# Brand Name help...



## BrazenGTO (Apr 6, 2007)

I'm looking at getting a car bra for my GTO for the long trips i take in it. Which brand do most people have? LeBra? Colgan?


----------



## BV GTO (Jul 14, 2006)

I have LeBra. I too, use it on trips.


----------



## BrazenGTO (Apr 6, 2007)

BV GTO said:


> I have LeBra. I too, use it on trips.


How is the fit? Is it too tight or not tight at all? and How much did you get it for?


----------



## BV GTO (Jul 14, 2006)

I paid $59.99 from ForMyCar.com.
Cool weather makes it a little tight to hook it into the fender wells but I know it won't flap in the breeze.

When you first get it, let it sit in the sun for a while to make it easier to put on and keep it on all day.

I bought a little weekend bag to store it in and keep it in my trunk.

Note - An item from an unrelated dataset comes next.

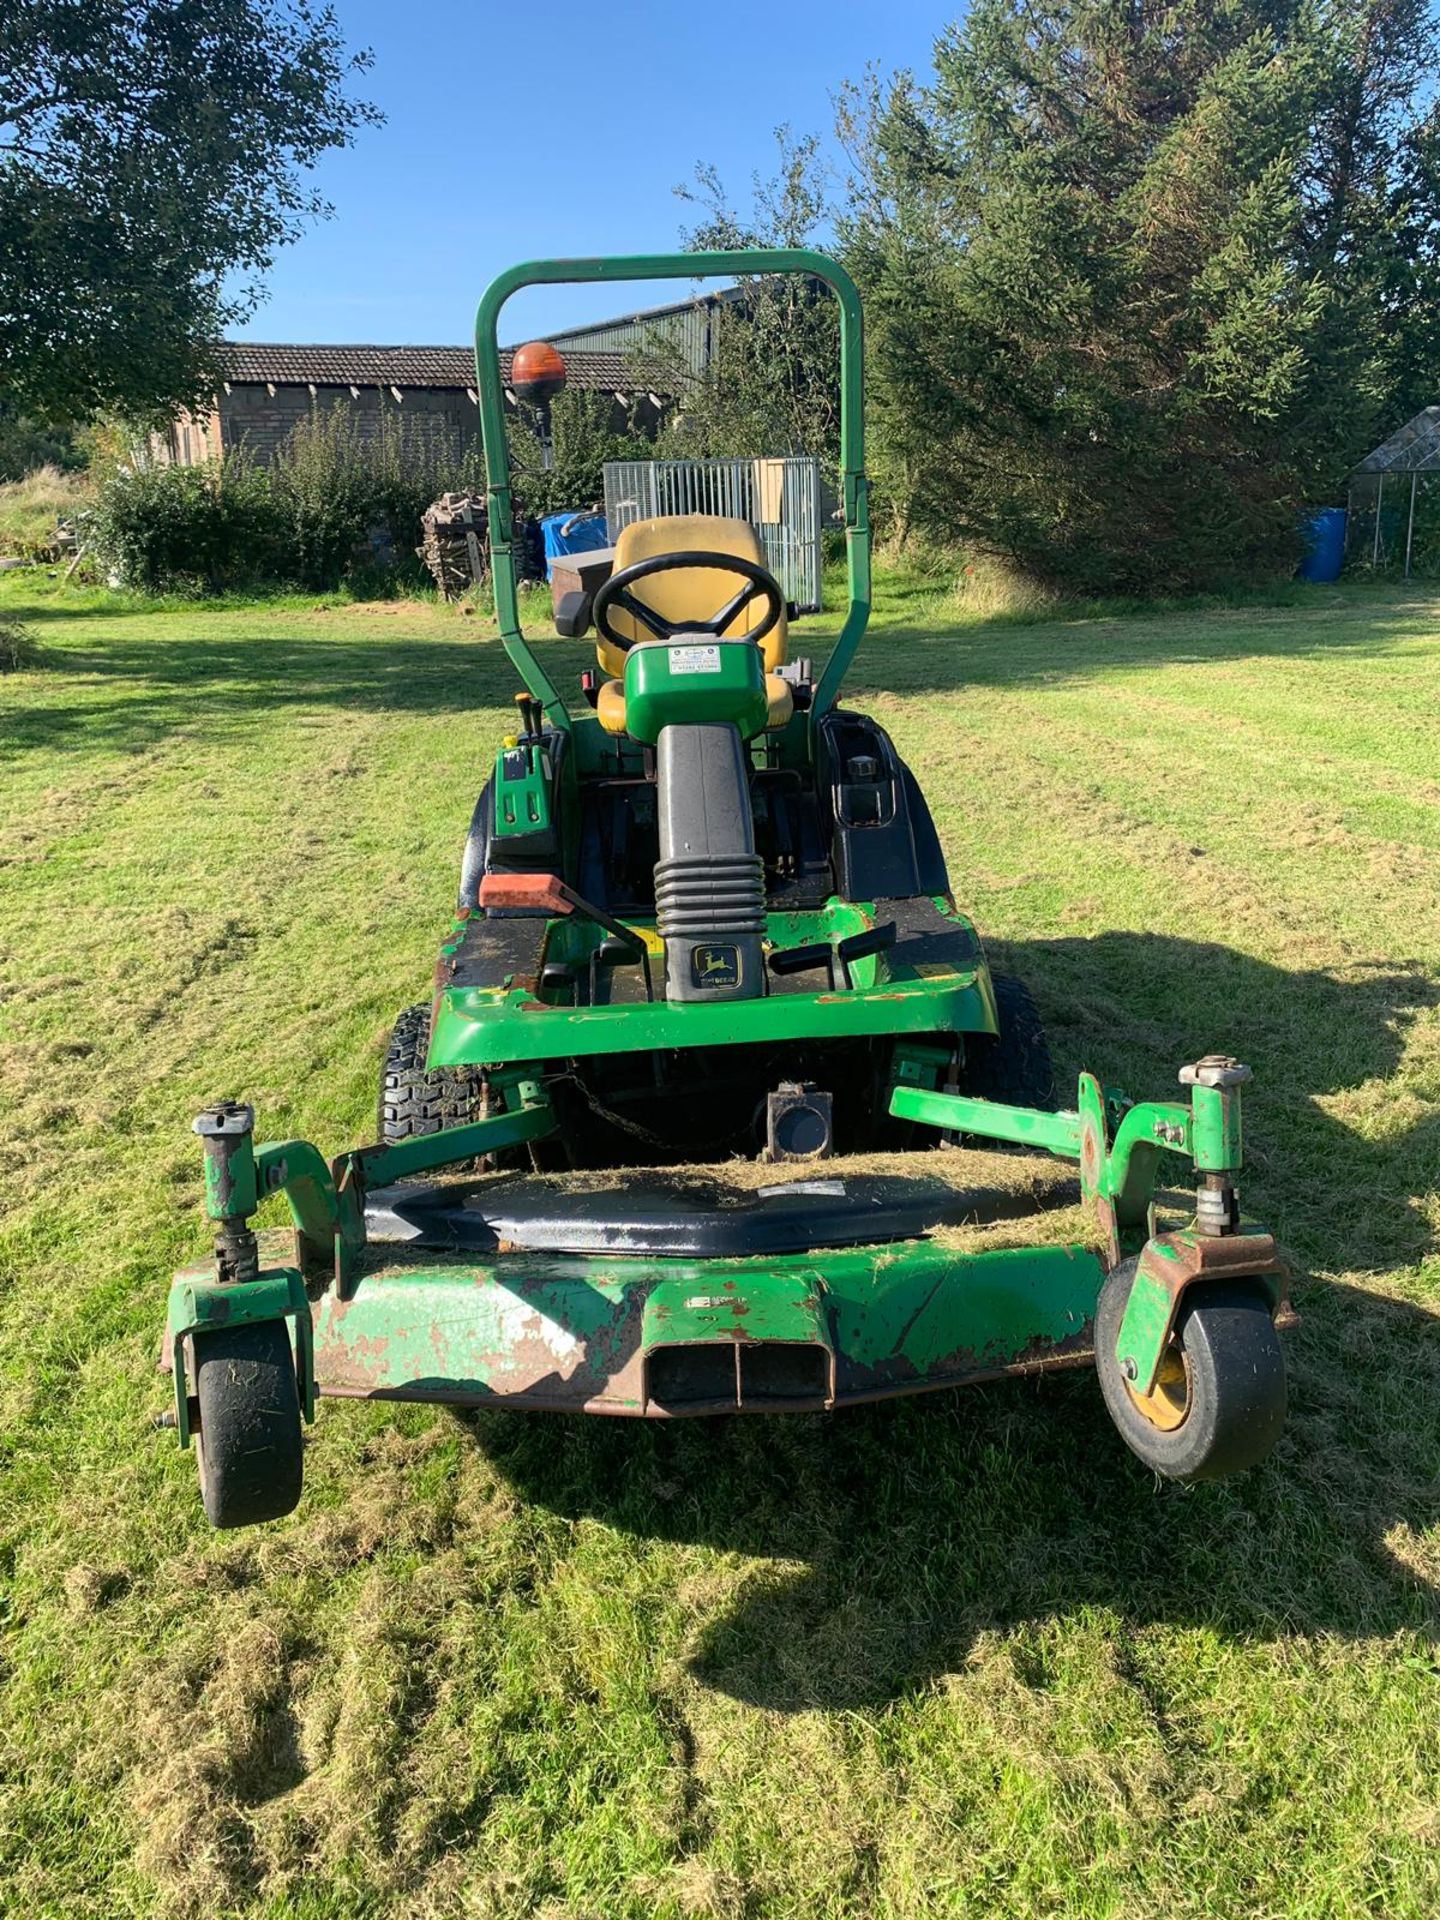 JOHN DEERE 1445 SERIES II 4WD RIDE ON DIESEL LAWN MOWER C/W OUT-FRONT ROTARY CUTTING DECK *PLUS VAT* - Image 4 of 14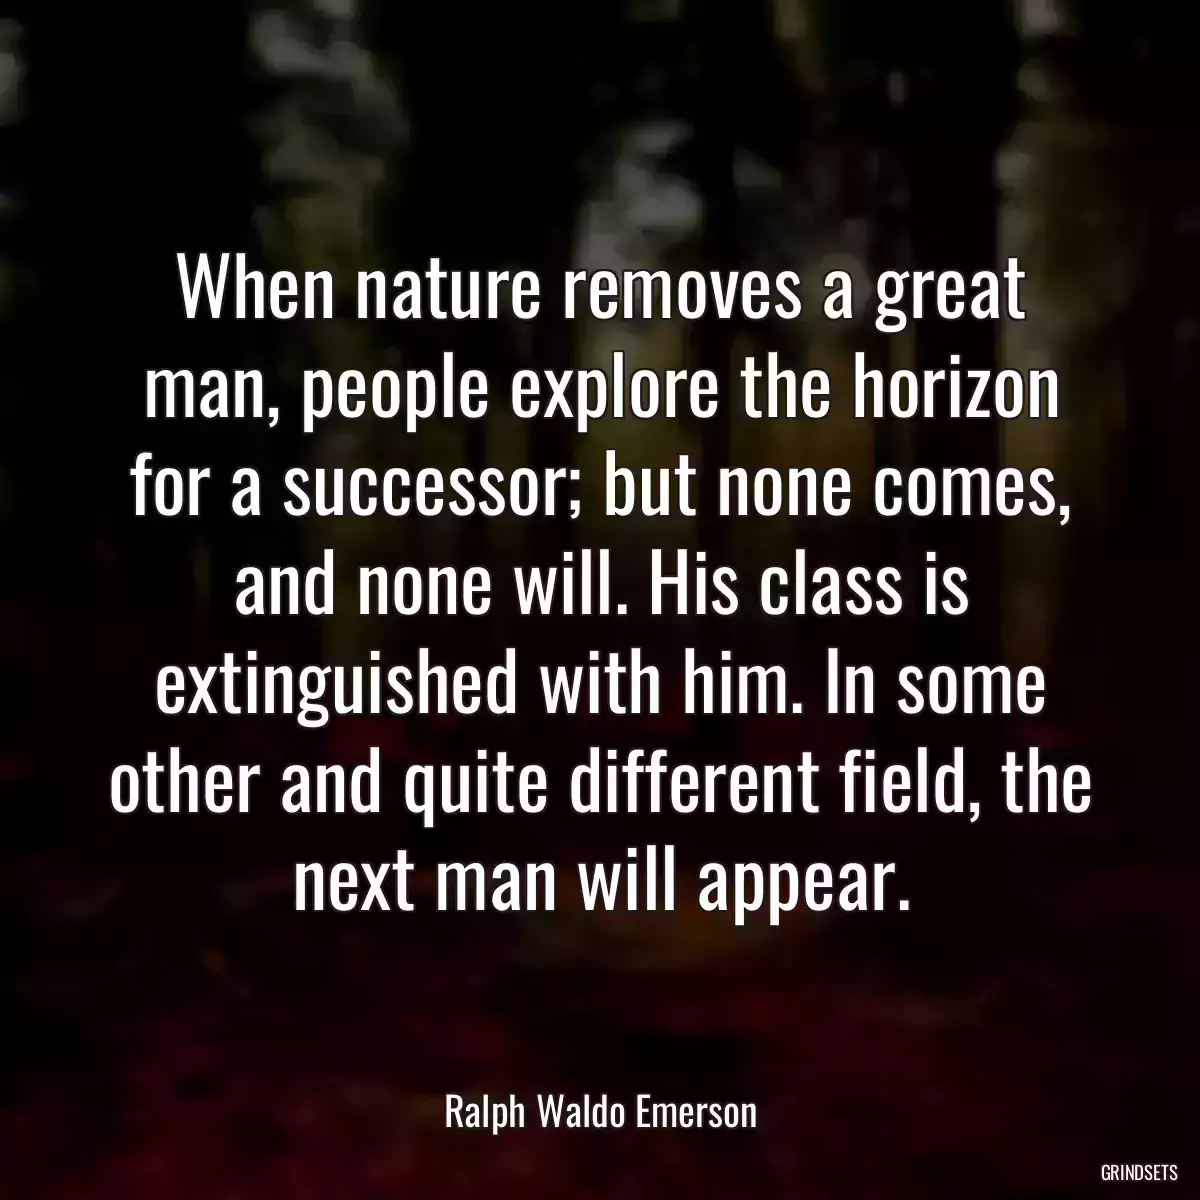 When nature removes a great man, people explore the horizon for a successor; but none comes, and none will. His class is extinguished with him. In some other and quite different field, the next man will appear.

I NEVER leave it on, just put it on for long freeway drives.


----------



## flyer469 (May 19, 2006)

Get a clear bra!


----------



## Jekyl n Hyde (Apr 9, 2006)

I bought a Colgan for road trips after numerous rock chips and flying pieces of truck tire...I have been really happy with the Colgan. On or off in 2 or 3 minutes and if fits perfectly.


----------



## BrazenGTO (Apr 6, 2007)

BV GTO said:


> I paid $59.99 from ForMyCar.com.
> Cool weather makes it a little tight to hook it into the fender wells but I know it won't flap in the breeze.
> 
> When you first get it, let it sit in the sun for a while to make it easier to put on and keep it on all day.
> ...


Thank you for the pic. I have had Lebra in the past and wasn't sure if there was a better one or not the the GTO.


----------



## BrazenGTO (Apr 6, 2007)

flyer469 said:


> Get a clear bra!


I was thinking about it. I really only need it for the freeway trips. But, just in case, how much do clear bra's usually run for our cars?


----------



## Guest (Jun 6, 2007)

*Bra*

I got one yesterday from Colegen [ I think that is the name ]
It is kind of hard to install, really had to let it sit in the sun for several hours to let it soften up and stretch.
The other problem are the metal clips that attach the bra to the car. They just don't fit right and you have to bend, shape and play around with them for a long time in order to make them hold tight. The hood part goes on easy.
One more item, if your car gets wet. Remove the bra and let it dry out and then put it back on. if you don't take it off you could end up with a car with a slightly different color around the nose, Remove it when you wash the car . I found this out when I had a Bra on my Subaru.


----------



## Guest (Jun 6, 2007)

*bra*

One more item.
if you have a Licence plate on the front !!! make sure you get one with the cut out for it


----------



## BrazenGTO (Apr 6, 2007)

wildhotgoat said:


> One more item.
> if you have a Licence plate on the front !!! make sure you get one with the cut out for it


Thank you for the info. My state doesn't require the front license plate so i have never had it put on.


----------